A family reunion it looks like. Because thats what they look like I am sure.


----------



## huntducksordietrying (Sep 21, 2007)

:shock: :evil: :x :? -#&#*!- -oOo- GRRRRRRRRRRR!


----------



## FROGGER (Oct 1, 2007)

its not just out in the sticks either.. just last night someone dumped an old mattress and box spring right by the ponds in south jordan... 

LAME


----------



## Al Hansen (Sep 7, 2007)

5 bucks up here in the Layton area. Has to be more than that to take it out to the desert. :evil: :evil: :evil: :evil: :evil:


----------



## FROGGER (Oct 1, 2007)

Al Hansen said:


> 5 bucks up here in the Layton area. Has to be more than that to take it out to the desert. :evil: :evil: :evil: :evil: :evil:


Guess you really cant call them lazy... STUPID is more appropriate...


----------



## .45 (Sep 21, 2007)

When I created this thread, I spoke as if 'everybody' is a member of this forum...My apology !!

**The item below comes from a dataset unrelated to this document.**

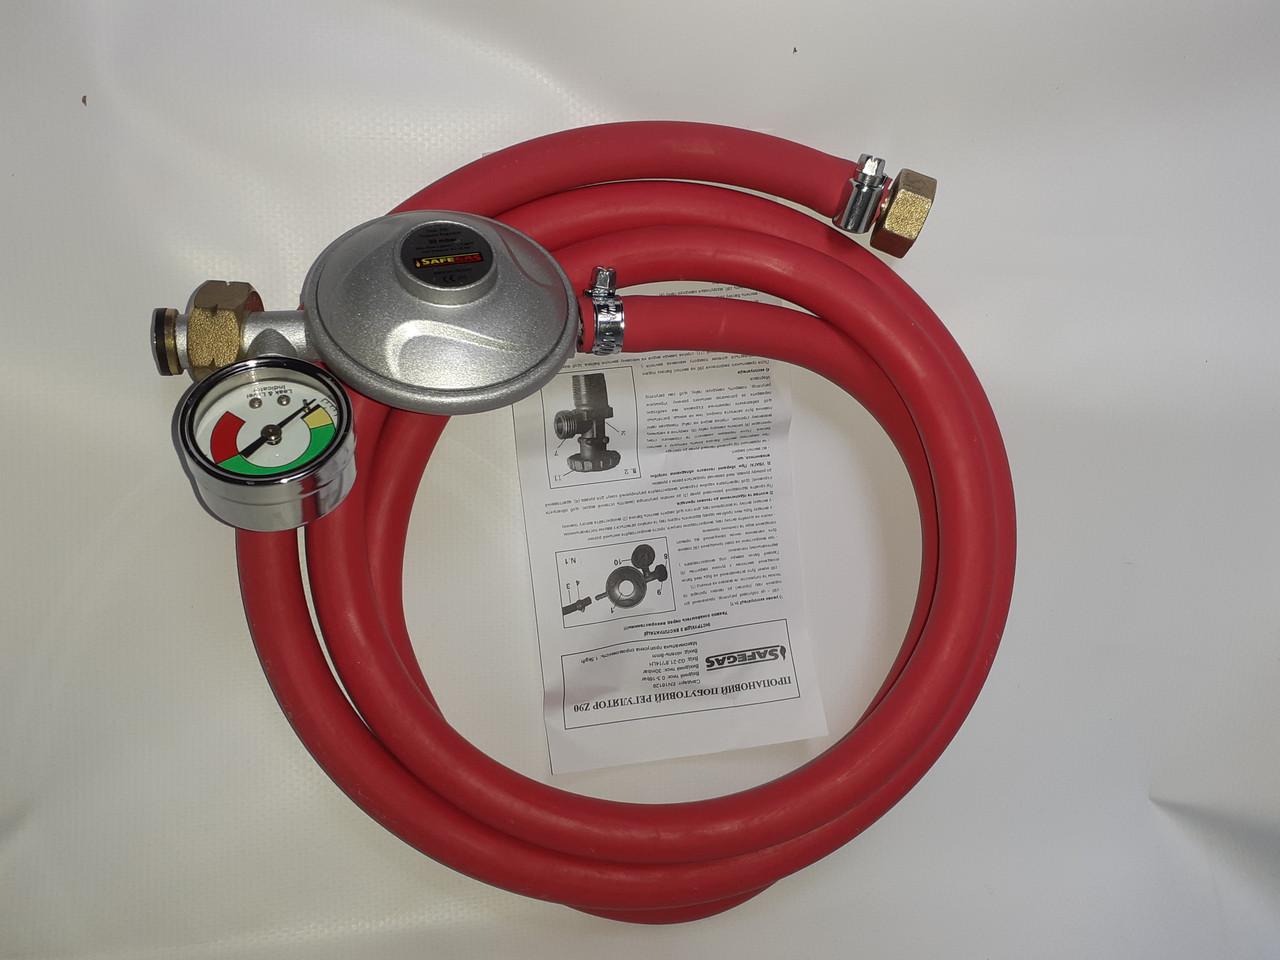 Комплект для подключения газовой плиты к пропановому баллону
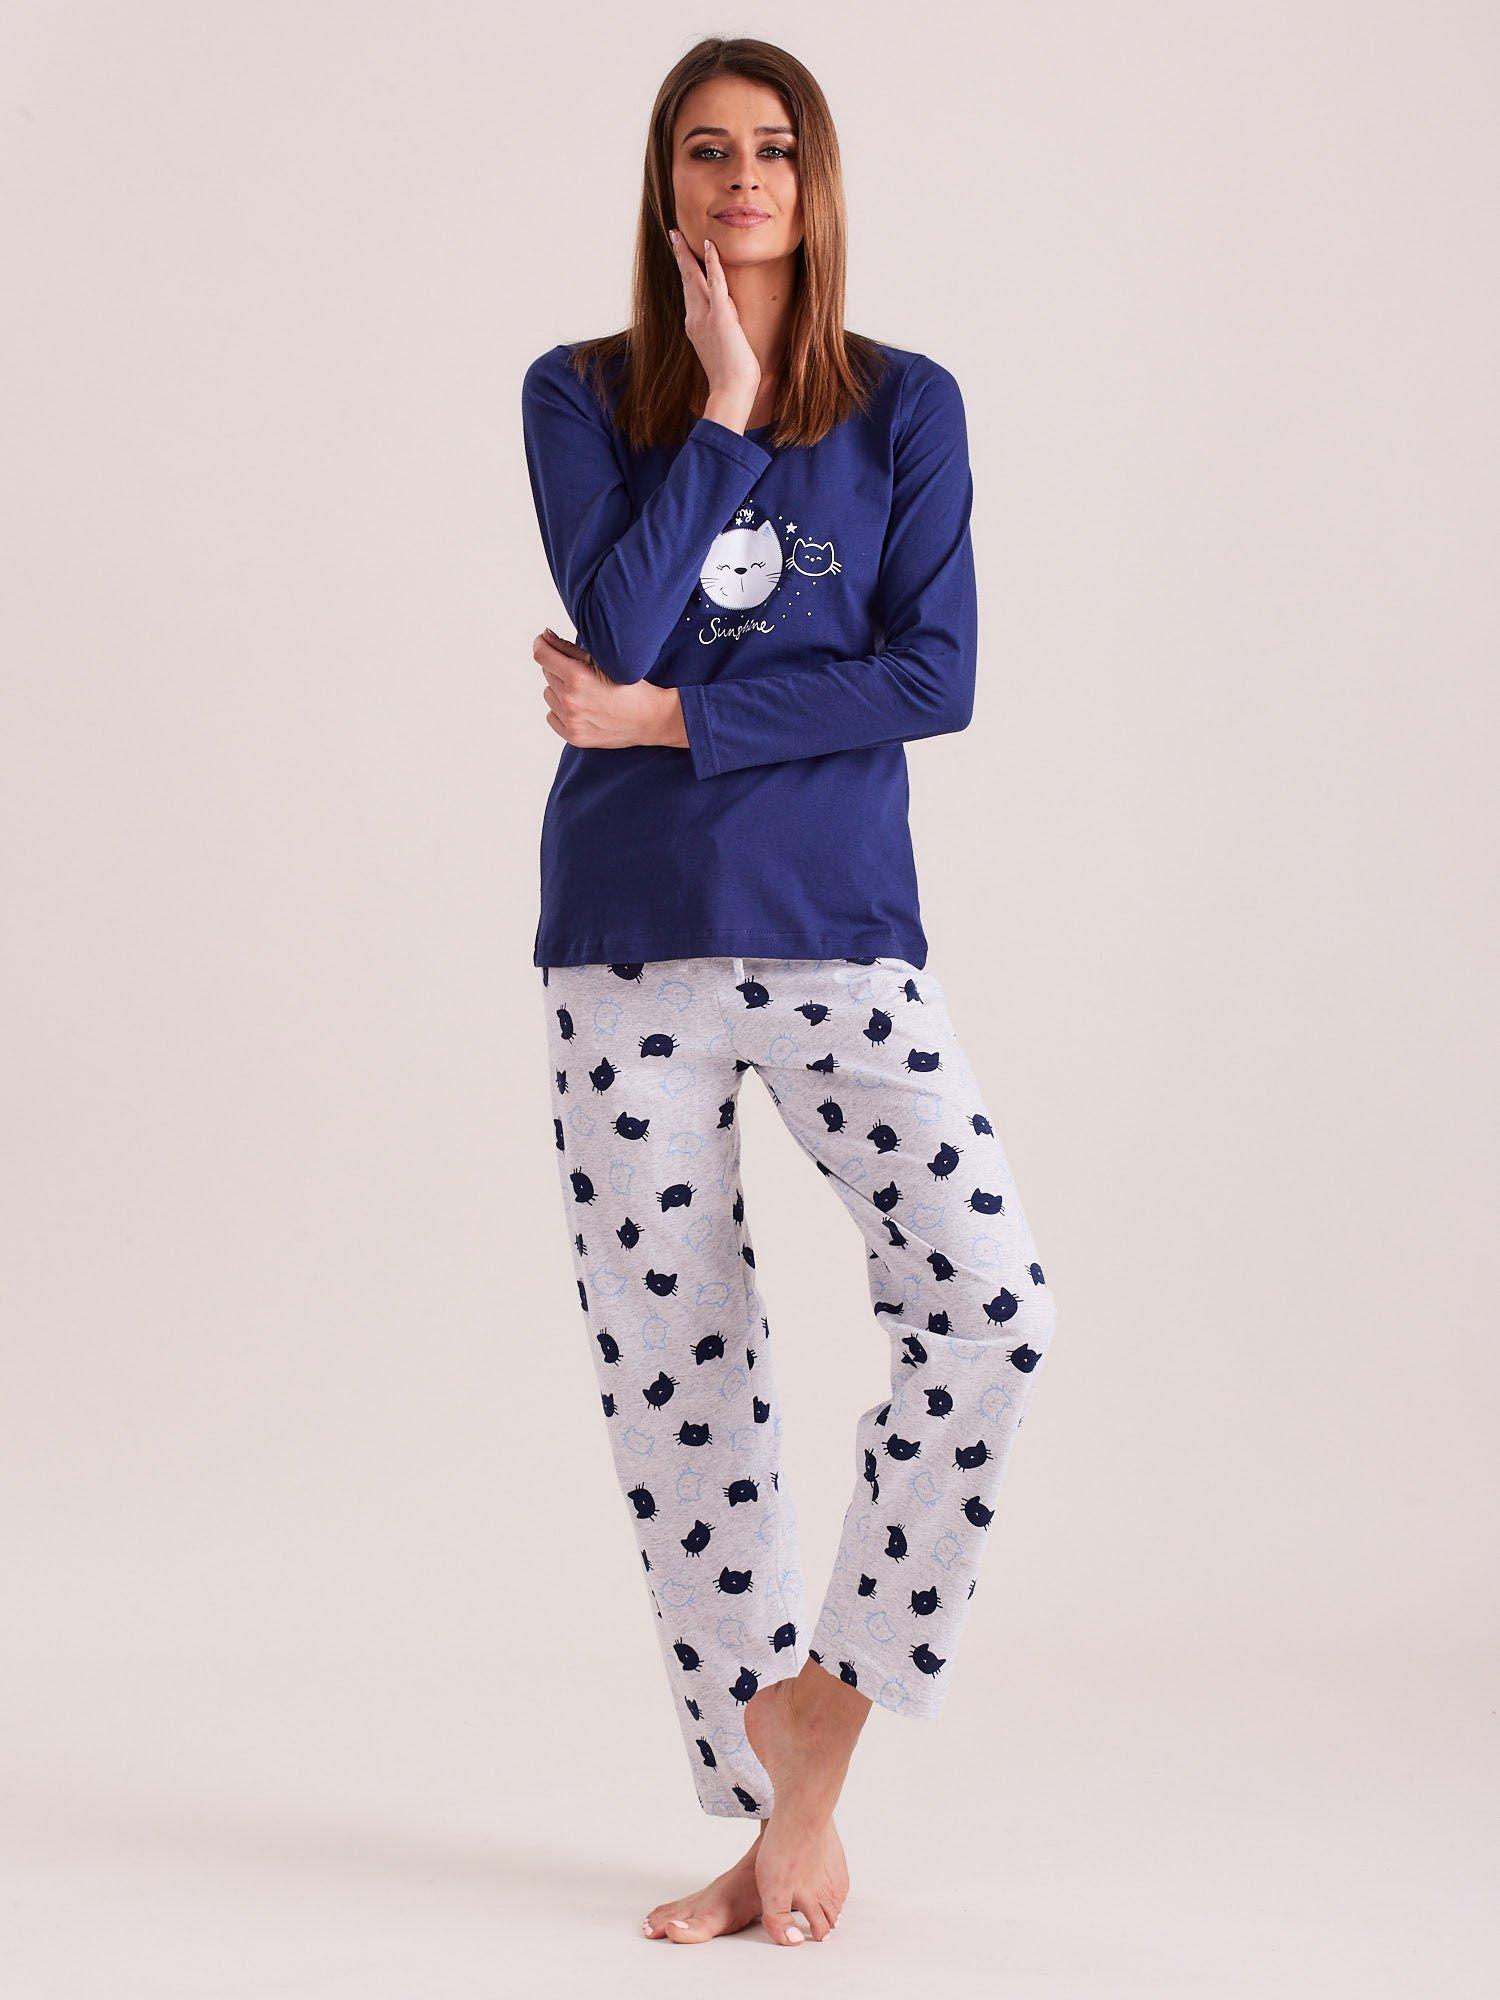 4c01773448a4e1 Ciemnoniebieska dwuczęściowa piżama w koty - Bielizna piżama - sklep  eButik.pl

No way do I believe any of this forum member's would do that...


----------



## fixed blade XC-3 (Sep 11, 2007)

I agree, I was out in the desert all weekend and the amount of trash was dispicable. Also when are people going to learn that *fire rings arn't trash bags*. :evil:


----------



## Desperado (Sep 27, 2007)

That's messed up. I don't know how it is for everyone out there, but where I live the city will park one of those massive dumpsters in each neighborhood a few times a year for "neighborhood clean up" type of stuff. That's when everyone cleans their garages and does the heavy duty yard work around here. I know several communities do the same thing, and dumps are not that inaccessible, so why pull this crap?


----------



## JAT83 (Sep 9, 2007)

I never could figure out why people would do stupid things like that :evil:


----------



## FROGGER (Oct 1, 2007)

JAT83 said:


> I never could figure out why people would do stupid things like that :evil:


*Mamma always said stupid is as stupid does!!!* :roll:


----------



## dkhntrdstn (Sep 7, 2007)

it just plan out wrong. that all im going to say.


----------



## Guns and Flies (Nov 7, 2007)

The outdoors are really such a beautiful place, anyone with an ounce of appreciation for that beauty would not even think of doing such a selfish thing. We should have a outdoorsman code that if any of us catches someone doing that we follow them home and post their address on here and we take turns taking dukies on their lawn //dog// /**|**\ Tazmanina Dukie!!


----------